Caits Meissner Book Launch with Caits Meissner, Ebony Stewart & Amanda Johnston

When:
April 12, 2017 @ 7:00 pm – 8:00 pm
2017-04-12T19:00:00-05:00
2017-04-12T20:00:00-05:00
Cost:
Free

In celebration of Caits Meissner’s new poetry collection, Let It Die Hungry, join us for a reading with Caits, plus special guests Ebony Stewart and Amanda Johnston.

In this world where so many things are uncertain, shaky, volatile, Let It Die Hungry does not offer easy solutions, but builds upon the idea that to affect change, one must look inward and learn from the infinities of the self before pointing our human tentacles outward. It is an inspiration for what a book can do and I argue there needs to be more literature like this, now more than ever. Literature that calls the world out, holds it in the light, and demands the reader do the work too. Oh, and did I mention the artwork? It’s pretty dope too. —M.K. Rainey, 3:AM Magazine

New York City-based Caits Meissner (center, above) is the author of the multidisciplinary poetry book Let It Die Hungry, and The Letter All Your Friends Have Written You, co-written with poet Tishon Woolcock. Her award-winning work has been widely published in journals and anthologies. Caits serves as Writer-in-Residence at Bronx Academy of Letters, facilitates classes at the transgender unit of Manhattan Detention Center and is part-time faculty at The New School University and CUNY. Her current projects include writing with ReEmergent Theatre, a company in collaboration with people emerging from prison, and you can find her touring her new book in public venues, as well as prisons across America. She is completing her MFA at City College of New York.

Ebony Stewart (left, above) is an international touring artist, poet, writer, occasional slammer. Been on some teams. Coached a lot of teams. Won a bunch of awards. Been featured in a bunch of articles, journals, and magazines. Ate a lot of cupcakes. She. Her. Woman. So black she be magic. Ebony Stewart aka The Gully Princess, story of the black girl winning.

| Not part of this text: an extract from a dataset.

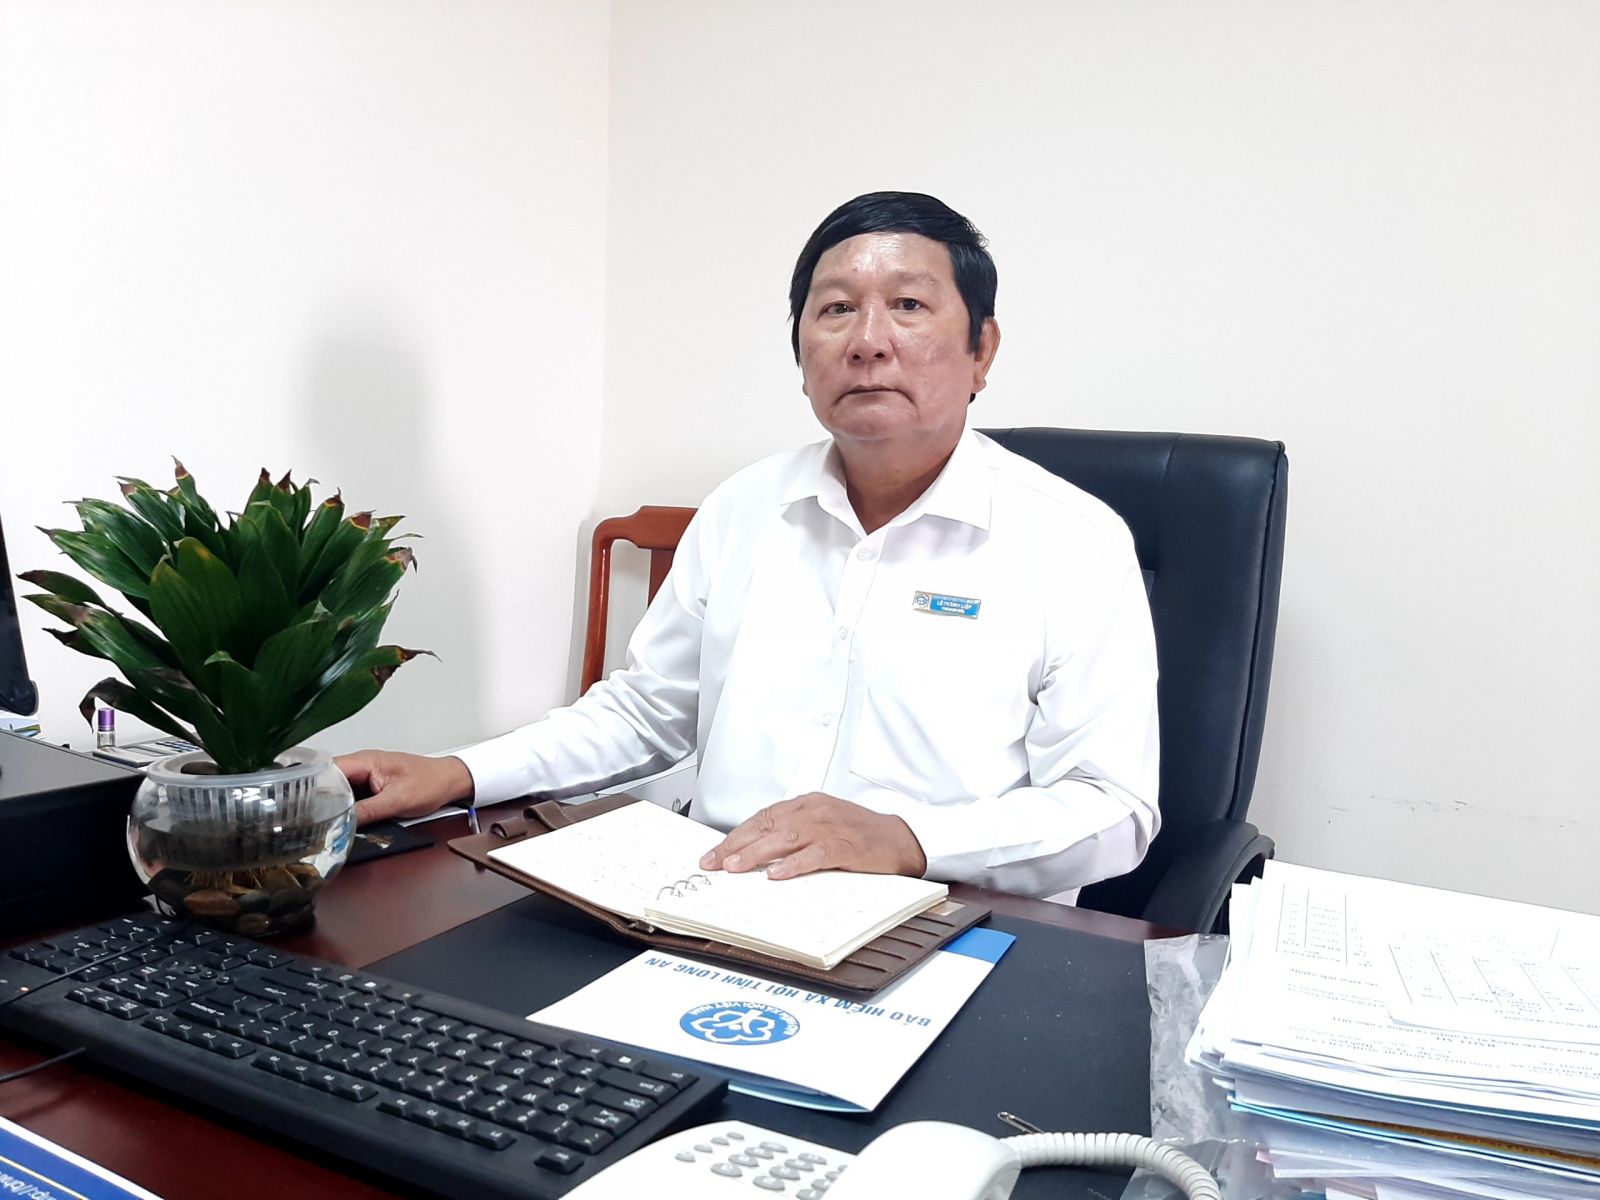 Phó Giám đốc BHXH tỉnh – Lê Thành Liếp

Amanda Johnston (right, above) earned a Master of Fine Arts in Creative Writing from the University of Southern Maine. Her poetry and interviews have appeared in numerous online and print publications, among them Kinfolks Quarterly, Muzzle, Pluck! and the anthologies Small Batch, di-ver-city and The Ringing Ear: Black Poets Lean South. The recipient of multiple Artist Enrichment grants from the Kentucky Foundation for Women and the Christina Sergeyevna Award from the Austin International Poetry Festival, she is a member of the Affrilachian Poets and a Cave Canem graduate fellow. Johnston is a Stonecoast MFA faculty member, a co-founder of Black Poets Speak Out, and founding executive director of Torch Literary Arts.